Sadness and grief are natural reactions to changes in familiar habits such as death, divorce, moving, graduation, retirement, illness, and even vacations. All of these involve loss that can be painful for two reasons:
1) They bring up core beliefs about the nature of existence-“I am alone.” “I’m lost.” “I have no purpose.” “I’m incomplete.” “I’m vulnerable.”
2) They make us face “unfinished business” from a situation or relationship: resentments, regrets, unspoken appreciation, and unmet expectations.It is not time or keeping busy that heals the painful wounds of loss, but creating a new definition of yourself and completing what was not finished in the relationship.
Complete Unfinished Business
No matter how good a relationship or a situation is, it is a work in progross and therefore incomplete. As soon as you experience a loss, your mind reviews and searches for what was never communicated. This review continues intermittently until it is completed. The following show how you can help the process by communicating your regrets, resentments, unspoken appreciation, and unmet dreams to a mental image of the person who is gone, in a letter that you may never send, or to the eyes of a friend in role play.
• Pinpoint your mistakes: Take responsibility for your contribution to any problems in the relationship, but only for your part! There are usually some positive consquences from even the worst blunders.
• Express your regret: “I am sorry for…”
• Express the (unrealistic) wish behind regrets: I wish I had (could have)…” Identify a specific action that could have made the situation different.
• Change your pattern: In future situations, act out any realistic wishes you identified. Even if you are unable to do this with the person who is gone, you still make amends by being differant with others.
• Do not ask for forgiveness: Forgiveness is entirely the choice of the “injured” party. If the other person is deceased, you can imagine how they would respond to you.
Pointers for Turning Losses Into Gains
Identifying new ideas, affirming them regularly, and using some of the following pointers will give you the compass you need to land on your feet on solid ground:
• Do not bury your feelings in food, alcohol, anger, TV, or work.

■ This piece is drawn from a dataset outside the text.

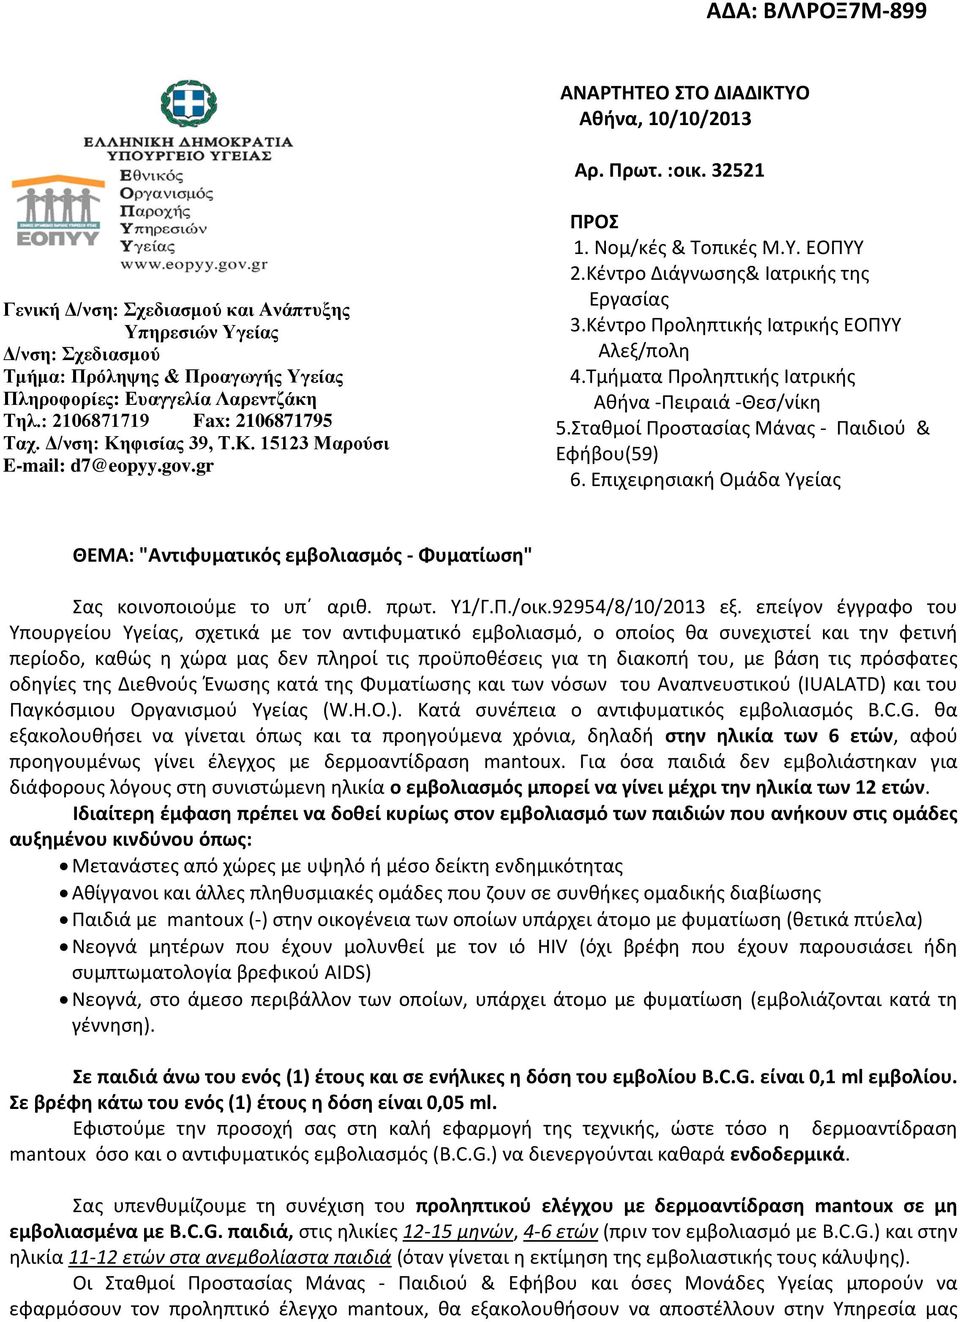 Δ/νση: Κηφισίας 39, Τ.Κ. 15123 Μαρούσι E-mail: d7@eopyy.gov.gr ΠΡΟΣ 1. Νομ/κές & Τοπικές Μ.Υ. ΕΟΠΥΥ 2.Κέντρο Διάγνωσης& Ιατρικής της Εργασίας 3.Κέντρο Προληπτικής Ιατρικής ΕΟΠΥΥ Αλεξ/πολη 4.

• Do not be strong for others. It may help them to see your pain.
• Be with your sadness when it comes. Accept it, but don’t invite it.
• Use emotional moments to mentally communicate unspoken works to your loved one or affirm beliefs that heal. This may intensify feelings and help release them.
• Stay with the pain of a negative memory but purposely follow it with a good one.
• Find a support group or person with whom you can share feelings.
• Dispose of belongings gradually. Periodically review items you can release.
• Plan activities for anniversaries that are enjoyable and comforting or use “special days” to mentally communicate how your “heart” plans to go on.
• Do not force yourself to feel pain that’s not there. It is okay to enjoy life after loss.